Proposed method 1 - 8;

R is

< / BR>
or

< / BR>
L is hydrogen or halogen;

M and Q are each independently hydrogen or halogen;

CN, NO2WITH1-C4alkyl, C1-C4haloalkyl,1-C4alkoxy, C1-C4haloalkoxy,1-C4alkylthio,1-C4alkylsulfonyl or when M and Q are in adjacent positions, they may together with the carbon atoms to which they are attached, form a ring in which MQ represents the structure

-OCH2O-, -OCF2O - or-CH=CH-CH=CH-

with the proviso that at least one of L, M and Q must be something other than hydrogen; R1, R2and R3are, each independently, hydrogen, halogen, NO2CHO, or R2and R3may together with the atoms to which they are attached, form a ring in which R2R3represented by the structure

< / BR>
R2, R5, R6and R7are each, independently, hydrogen, halogen, CN or NO2;

W is O or S,

which involves the reaction of aminonitriles formula III

< / BR>
where R is as described above, with perforations agent of the formula IV

< / BR>
where m = 1 or 2, X is a OR11then m = 1, in the presence of a solvent, optionally in the presence of a base, to obtain an intermediate product of performanceoriented formula I.

< / BR>
and the cyclization of the intermediate product of formula I in the presence of acid and at least one molar equivalent of water.
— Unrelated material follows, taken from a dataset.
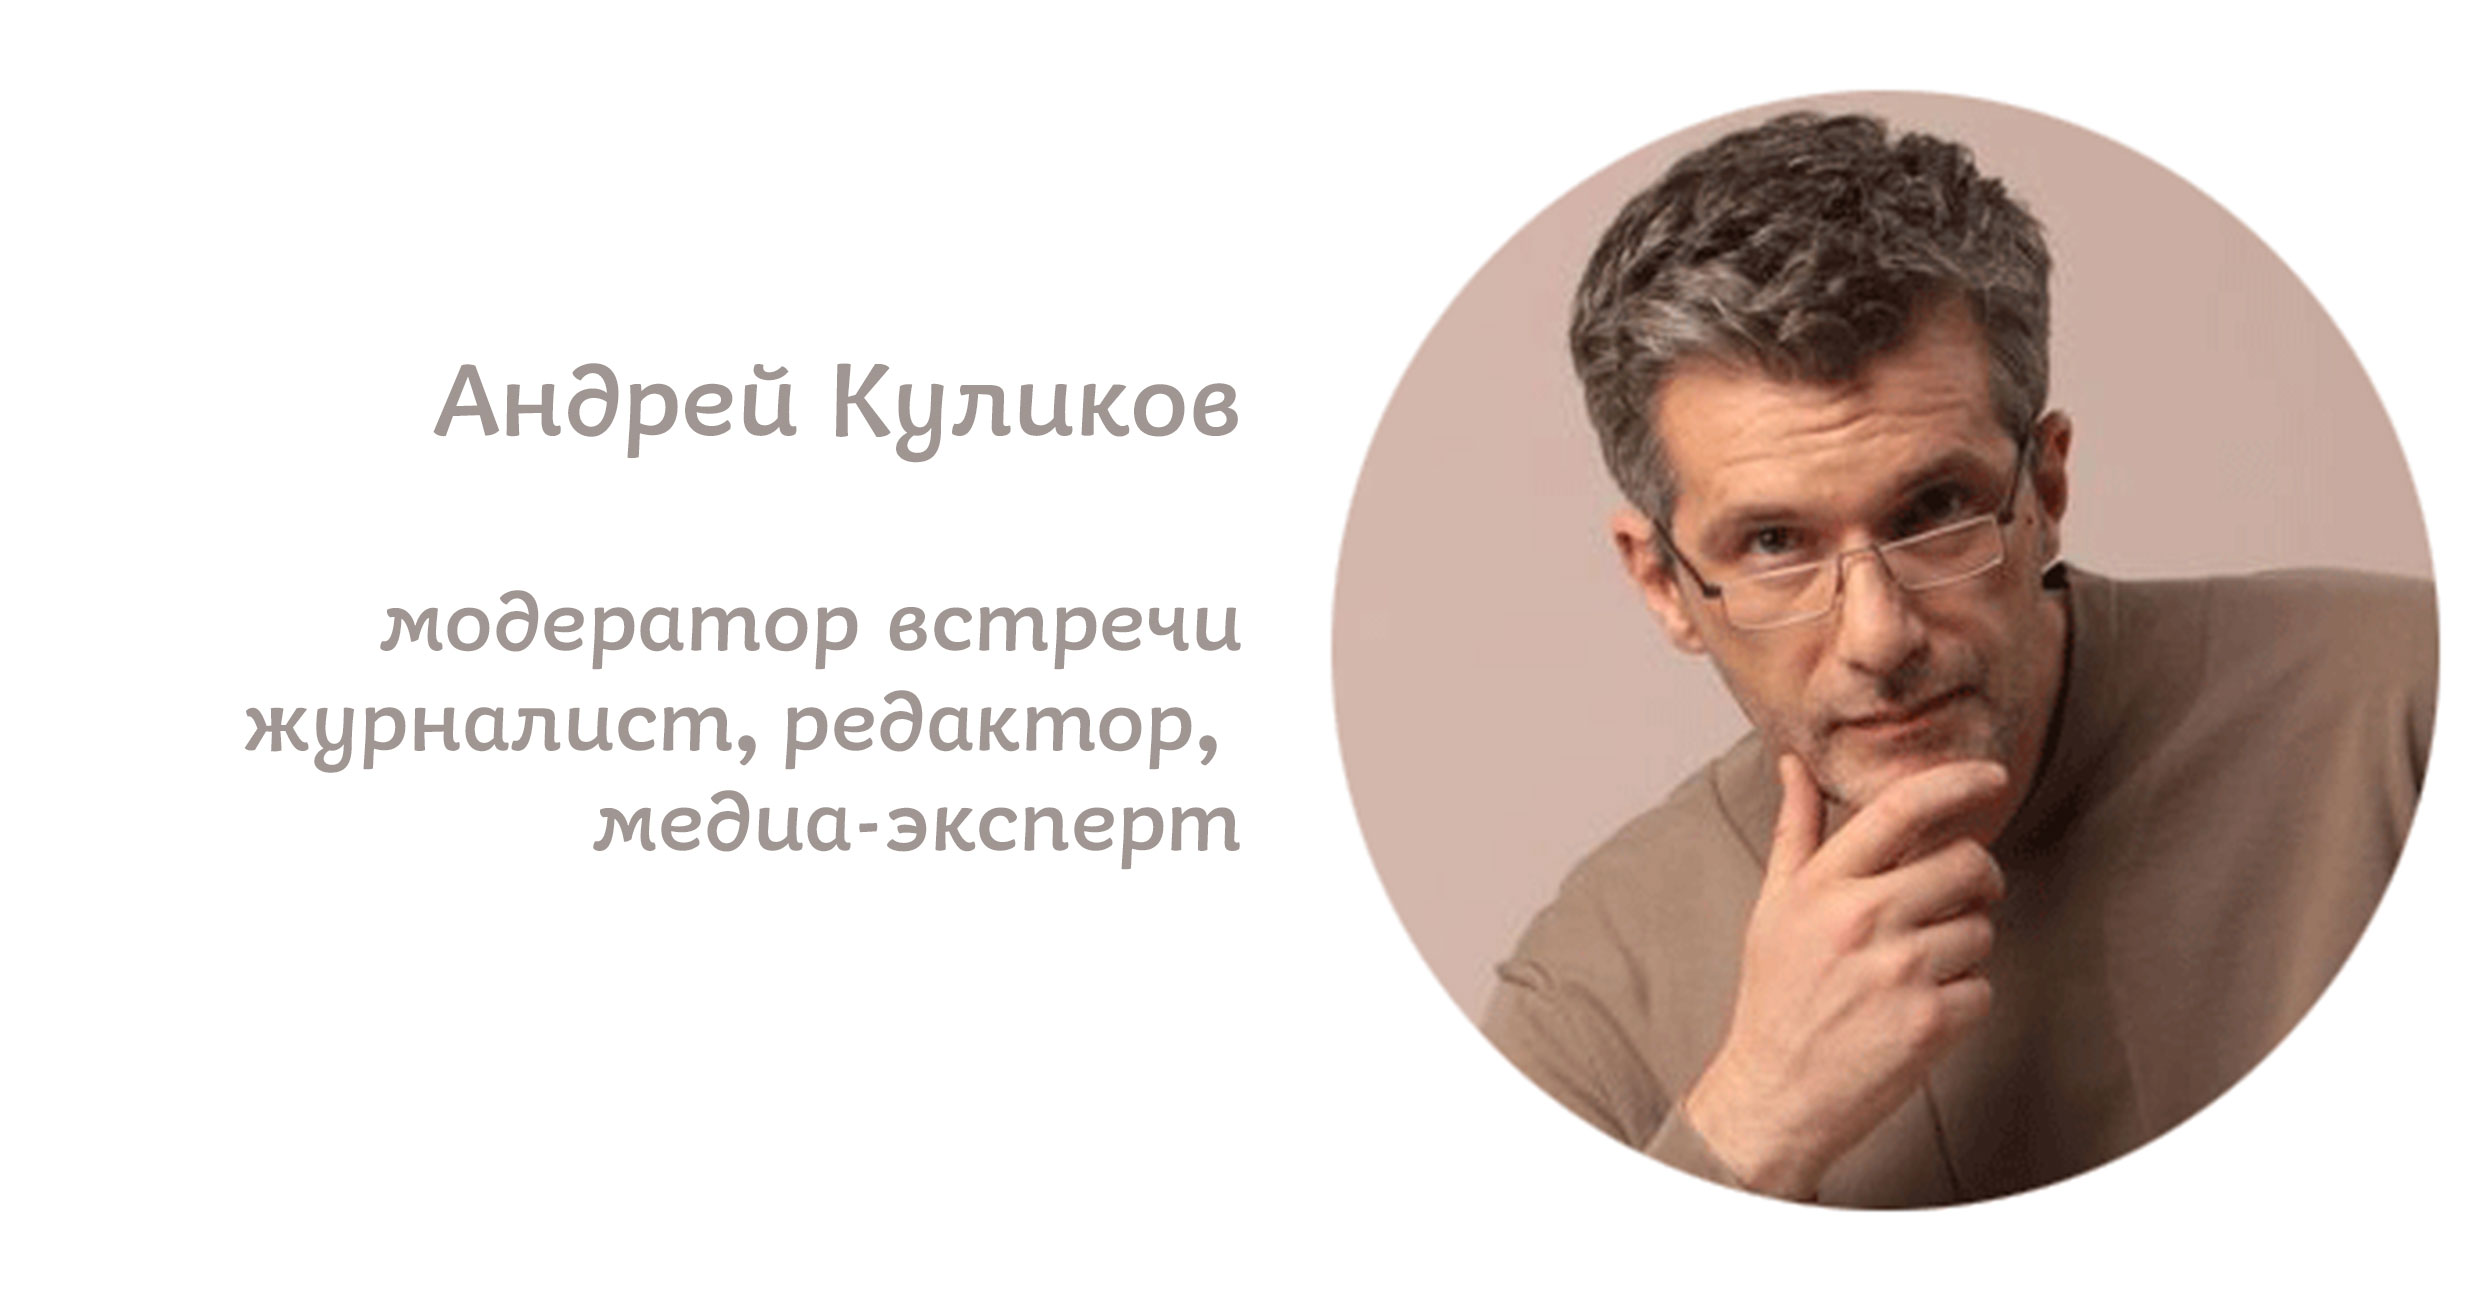 В Киеве состоится дискуссия  “Декоммунизация образовательного процесса” - картинка 4

It is also envisaged intermediate product performanceoriented formula I.

< / BR>
where n is an integer of 1 to 8;

R is

< / BR>
or

< / BR>
L is hydrogen or halogen;

M and Q are each independently, hydrogen, halogen,

CN, NO2WITH1-C4-alkyl, C1-C4-haloalkyl,1-C4-alkoxy, C1-C4-haloalkoxy,

WITH1-C4-alkylthio,1-C4-alkylsulfonyl or when M and Q are in adjacent positions, they may together with the carbon atoms to which they are attached, form a ring in which MQ represents the structure

-OCH2O-, -OCF2O - or-CH=CH-CH=CH-

with the proviso that at least one of L, M and Q is different from hydrogen;

R1, R2and R3are, each independently, hydrogen, halogen, NO2CHO, or R2 represented by the structure

< / BR>
R4, R5, R6and R7are, each independently, hydrogen, halogen, CN or NO2and

W is O or S,

Connection 2-perfluoroalkyl-3-oxazoline-5-it is a key intermediate product in the production of pyrrole compounds for combating insects, mites and nematodes.
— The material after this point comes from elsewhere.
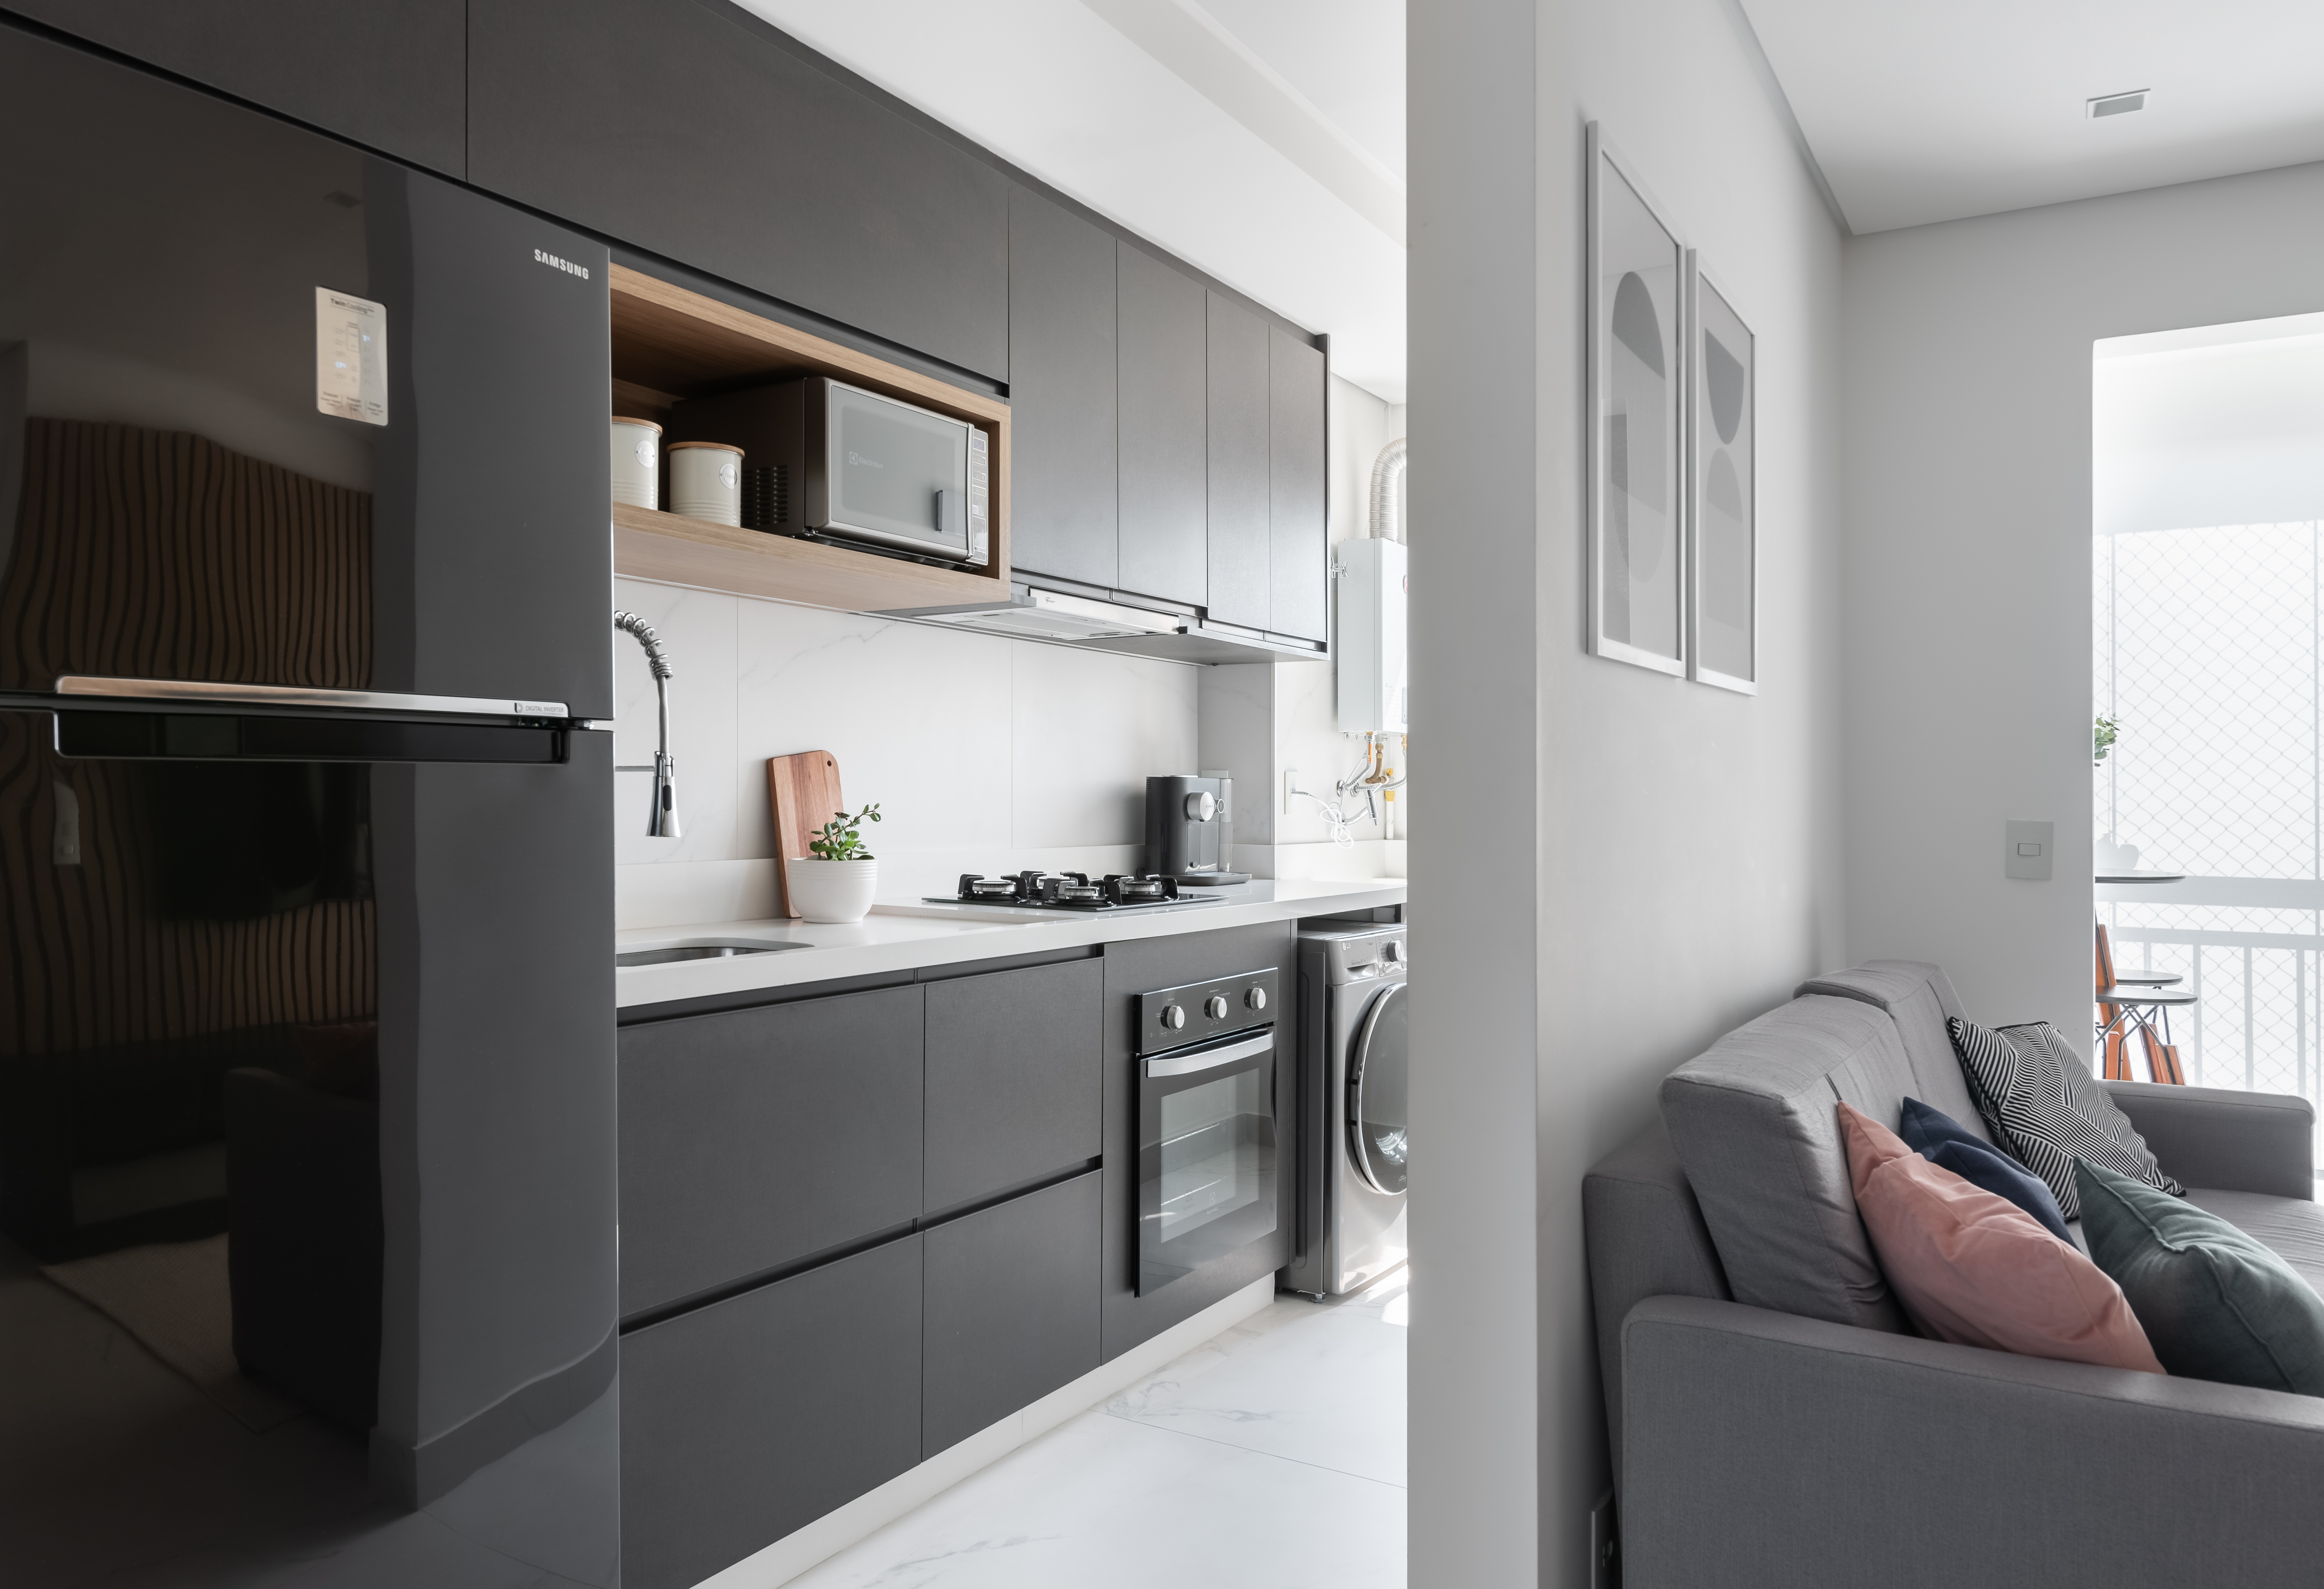  Het appartement van 50 m² heeft een minimalistische en efficiënte inrichting

Connection arylpyrol, in particular, the compounds of the 2-aryl-5 - cryptomaterial-3-carbonitrile, are a new class of highly effective tools for combating insects, mites and nematodes. The key intermediate product in obtaining them is the connection of 2-perfluoroalkyl-3-oxazoline-5-it formula

< / BR>
where n and R are as described above. Currently known methods of obtaining oxazolinone formula II include obtaining the corresponding compounds arigliano V by hydrolysis of aminonitriles III. Aminonitriles produced by the Strecker synthesis from the corresponding aldehydo predecessor (W. L. Matier et al J. Med. Chem., 1973, 16, 901). Protection of the amino group in aminonitriles III by acetylation to VI, followed by acid hydrolysis as ceanography and protective groups due to the instability of aminonitriles III in terms of g is oxazoline II in 4 stages. The sequence of reactions shown in scheme 1, where R is chlorophenyl, and n = 1

Now found that the direct perforazione product of the Strecker synthesis III gives an intermediate product performanceoriented 1, which can be easily converted to the desired 2-perfluoroalkyl-3-oxazoline-5-about the connection II. The reaction shown in the scheme II, where m = 1 or 2, X is Cl, OR1or O, and R1is hydrogen or C1-C6- alkyl, provided that when X is O, then m = 2, and when X is Cl or or1then m = 1.

Suddenly, performanceoriented formula 1 can be cycletour in one stage, with a good yield in the conditions of the aqueous acid solution, the compound 2-perfluoroalkyl-3-oxazoline-5-it formula II.

Mainly desired oxazoline can be obtained in 2 stages of product aminonitriles III Strecker.

Preferred compounds of formula I are those in which n = 1, 2 or 3, more preferred those in which n = 1. Also preferred are those compounds of formula I in which R is phenyl, optionally substituted by halogen atoms, one to three, NO2C1-C4-haloalkyl or1-

Solvents suitable for use in the method of this invention are aromatic hydrocarbons or halogenated aromatic hydrocarbons, preferably aromatic hydrocarbons such as toluene, benzene, xylene and the like, more preferably, toluene.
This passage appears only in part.